Raw data>
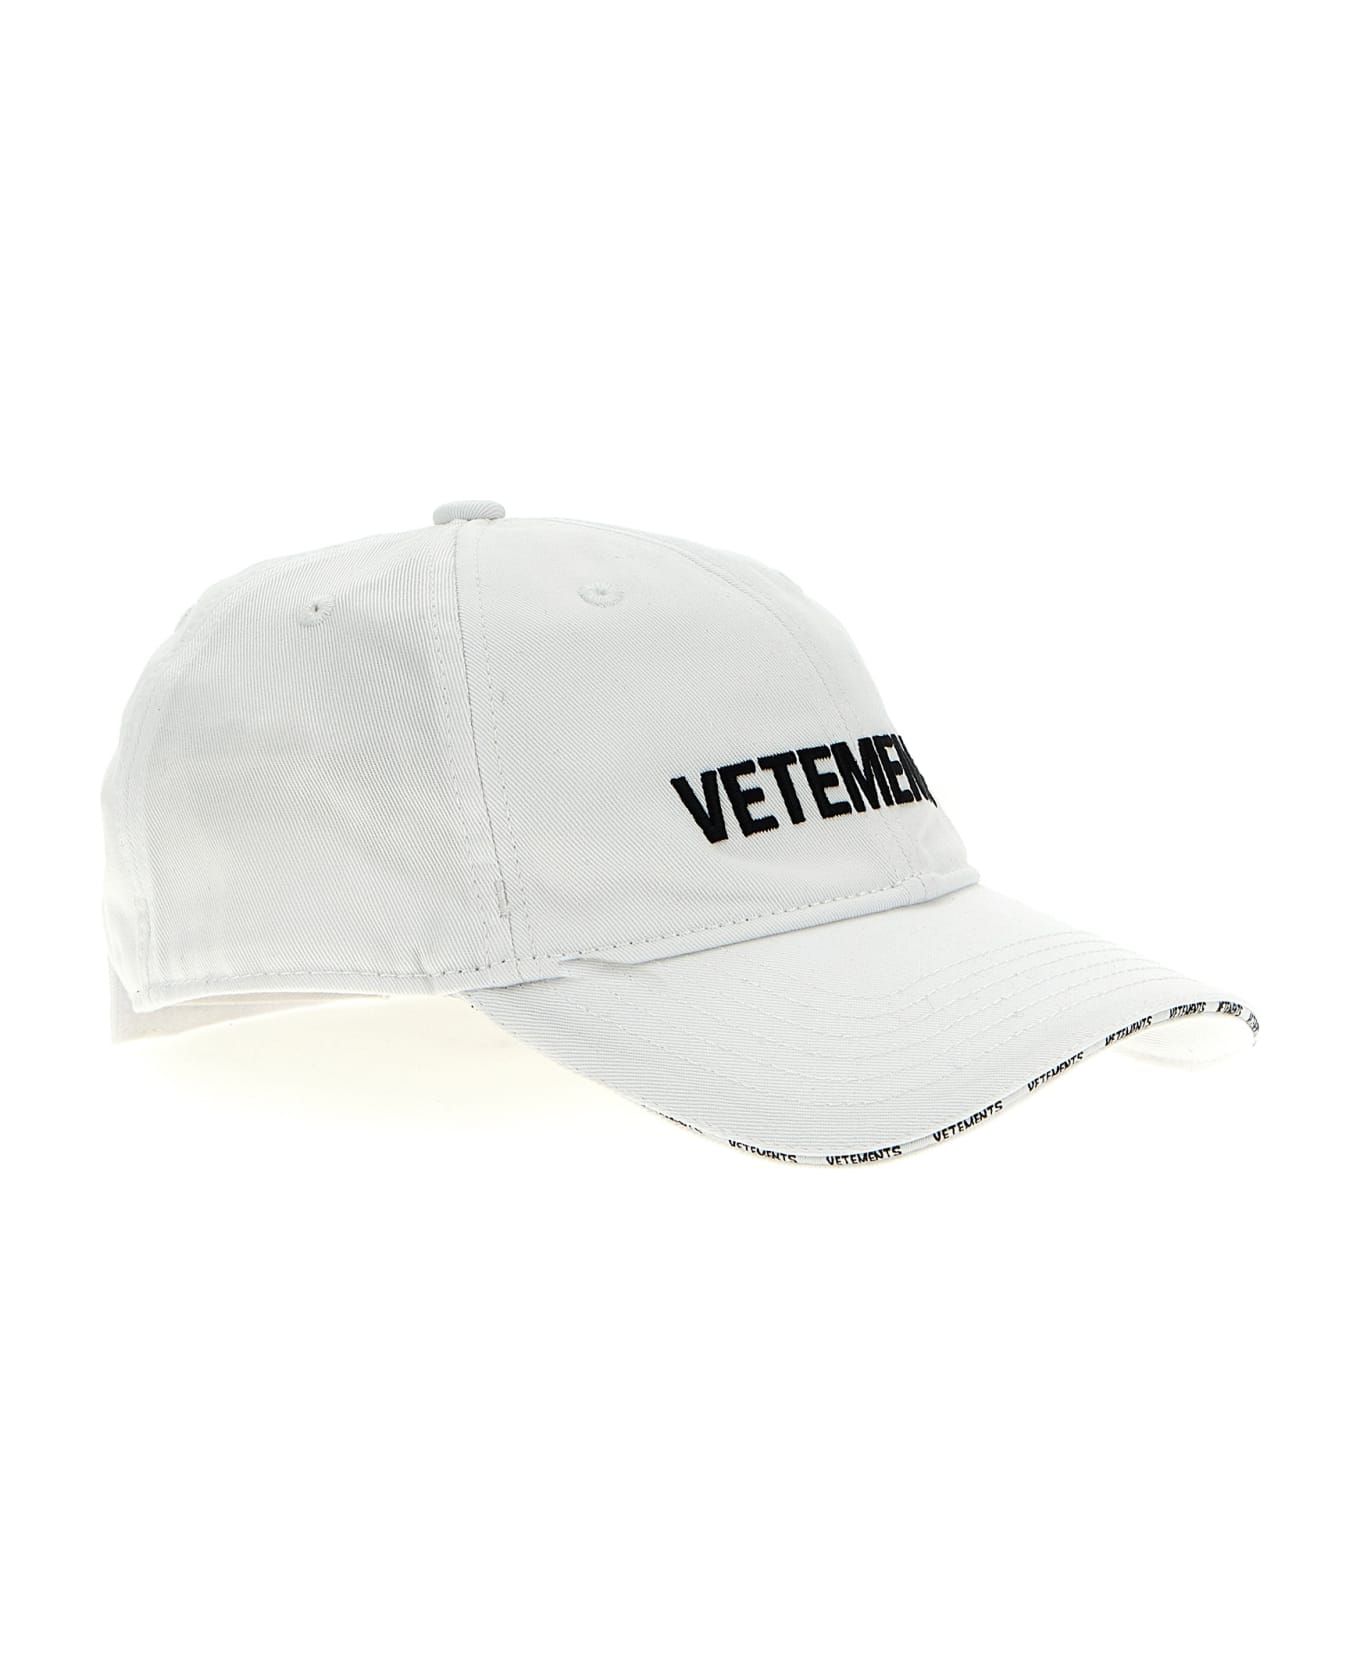 VETEMENTS Logo Cap - White/Black 帽子
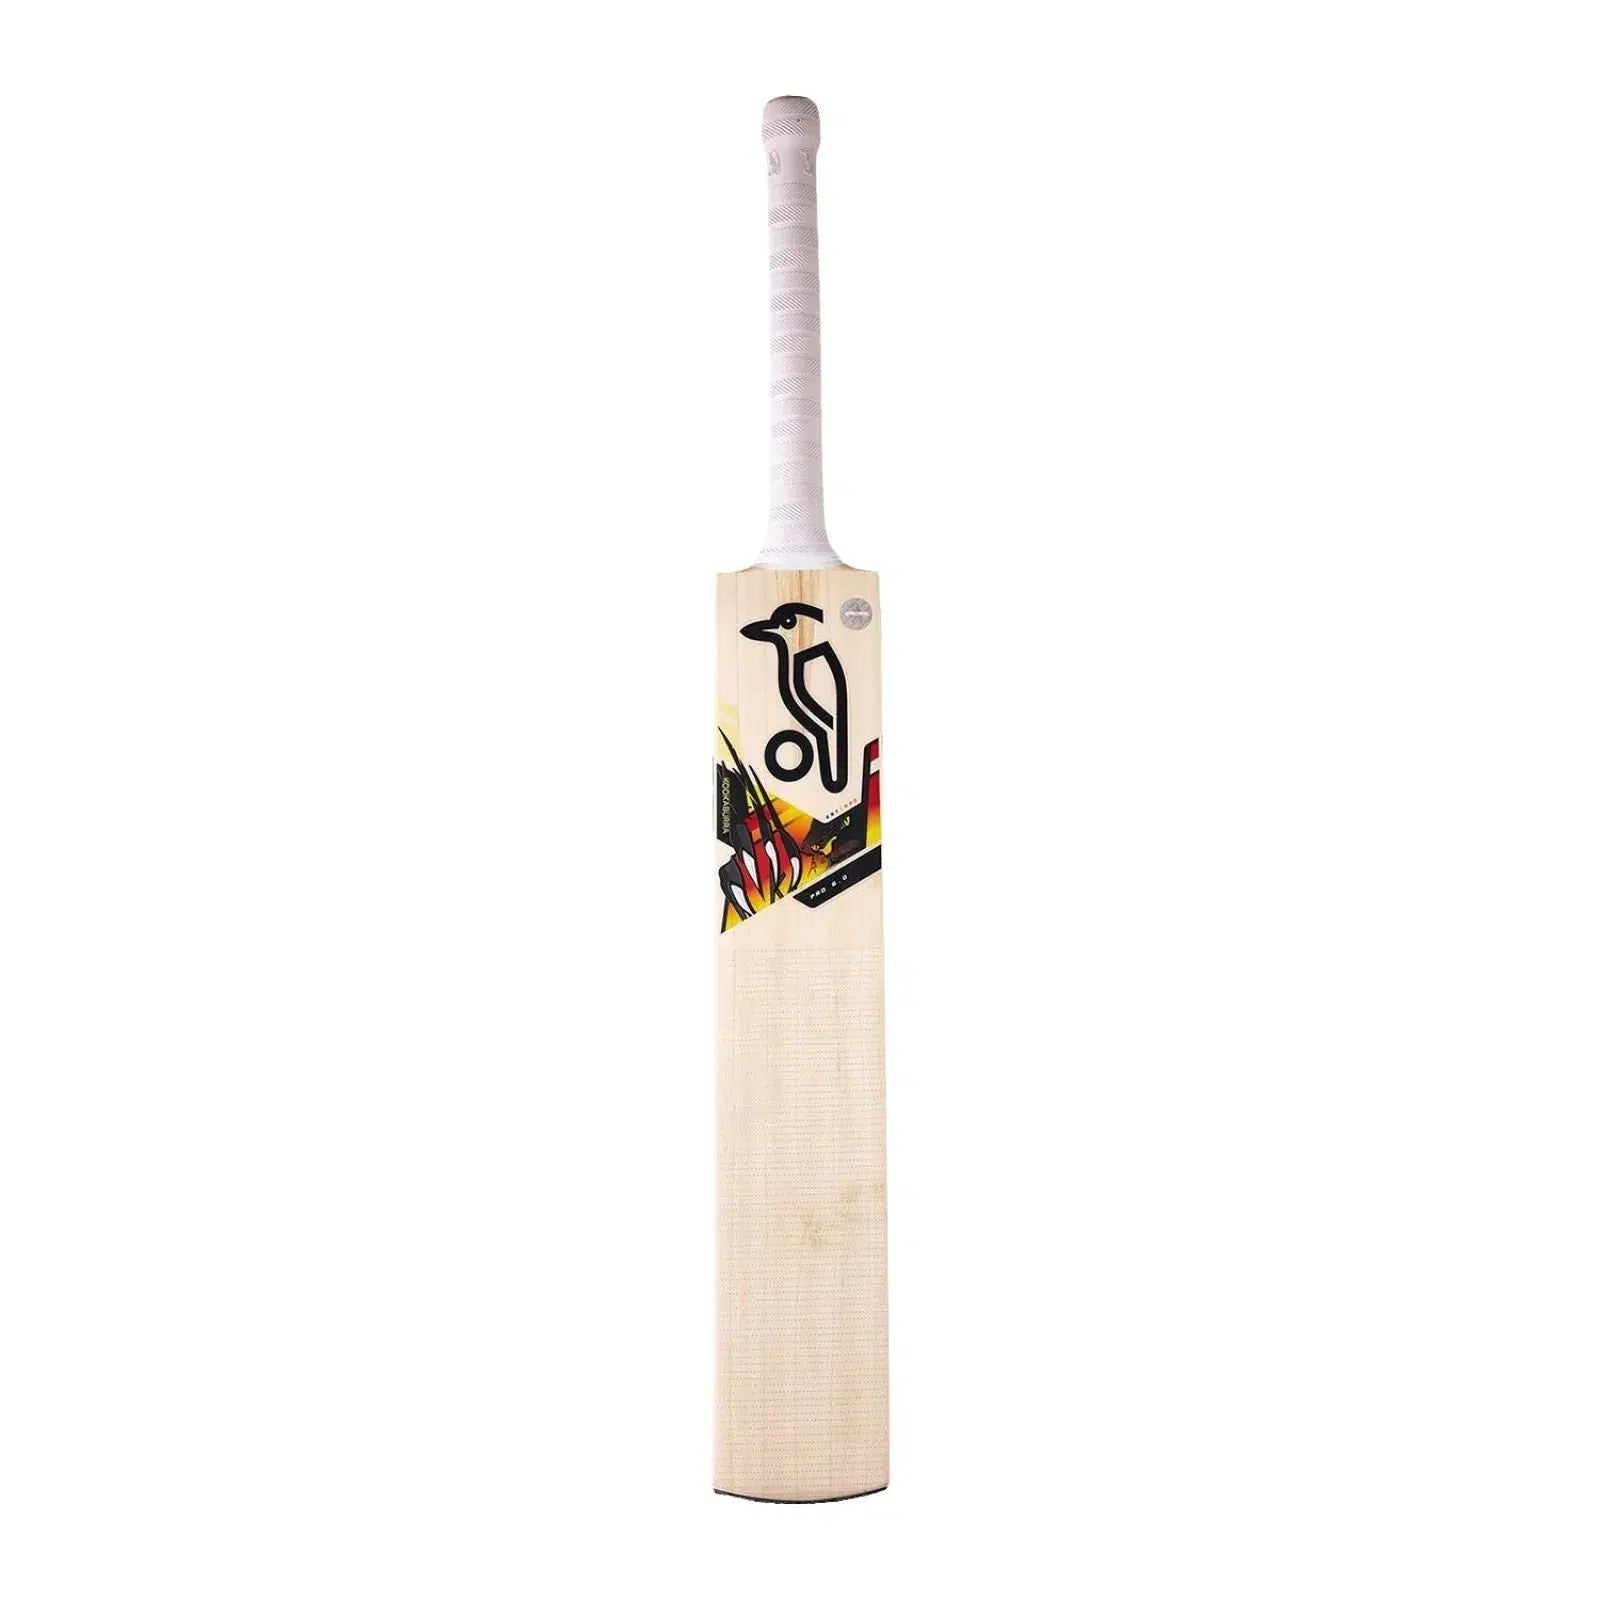 Kookaburra Beast Pro 6.0 Cricket Bat - Size 4
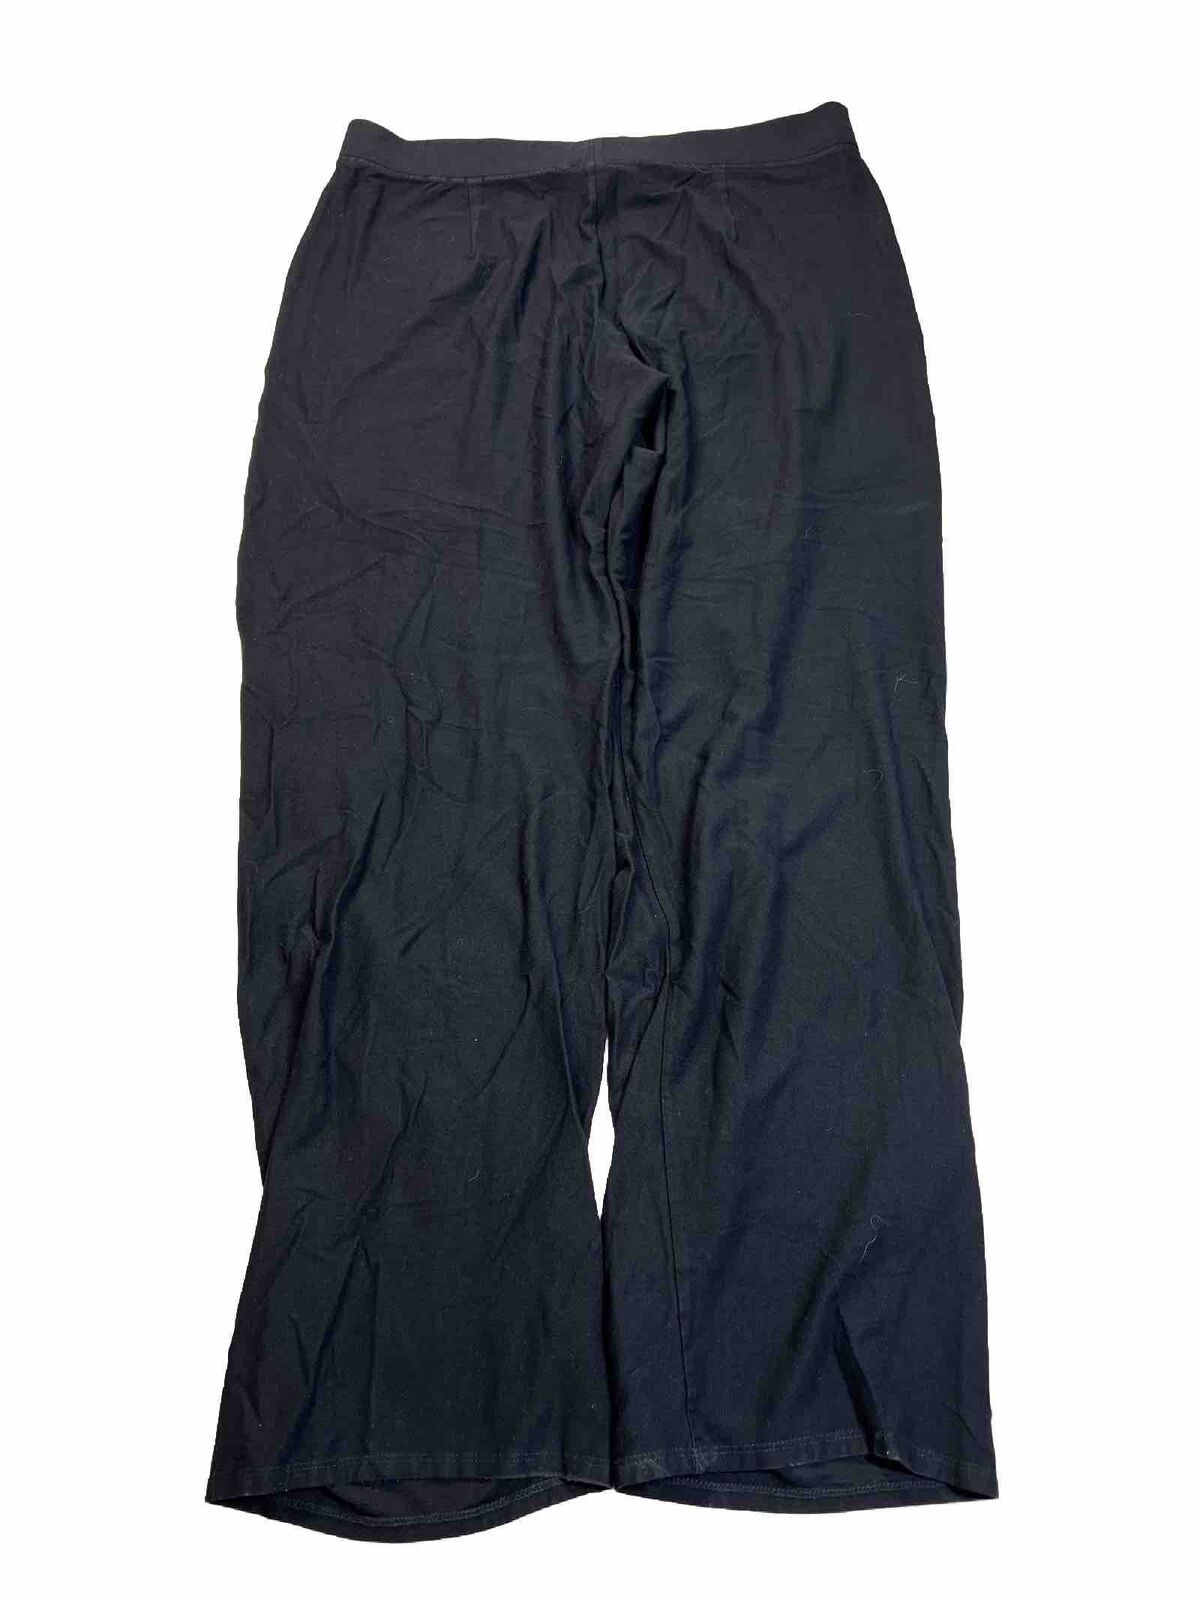 Eileen Fisher Women's Black Stretch Waist Pull On Straight Leg Pants - L

What the task requires> Copy out all of the listing word for word, but skip the images.

Answer to this exercise>
 VETEMENTS Logo Cap - White/Black 帽子
 Kookaburra Beast Pro 6.0 Cricket Bat - Size 4
 Eileen Fisher Women's Black Stretch Waist Pull On Straight Leg Pants - L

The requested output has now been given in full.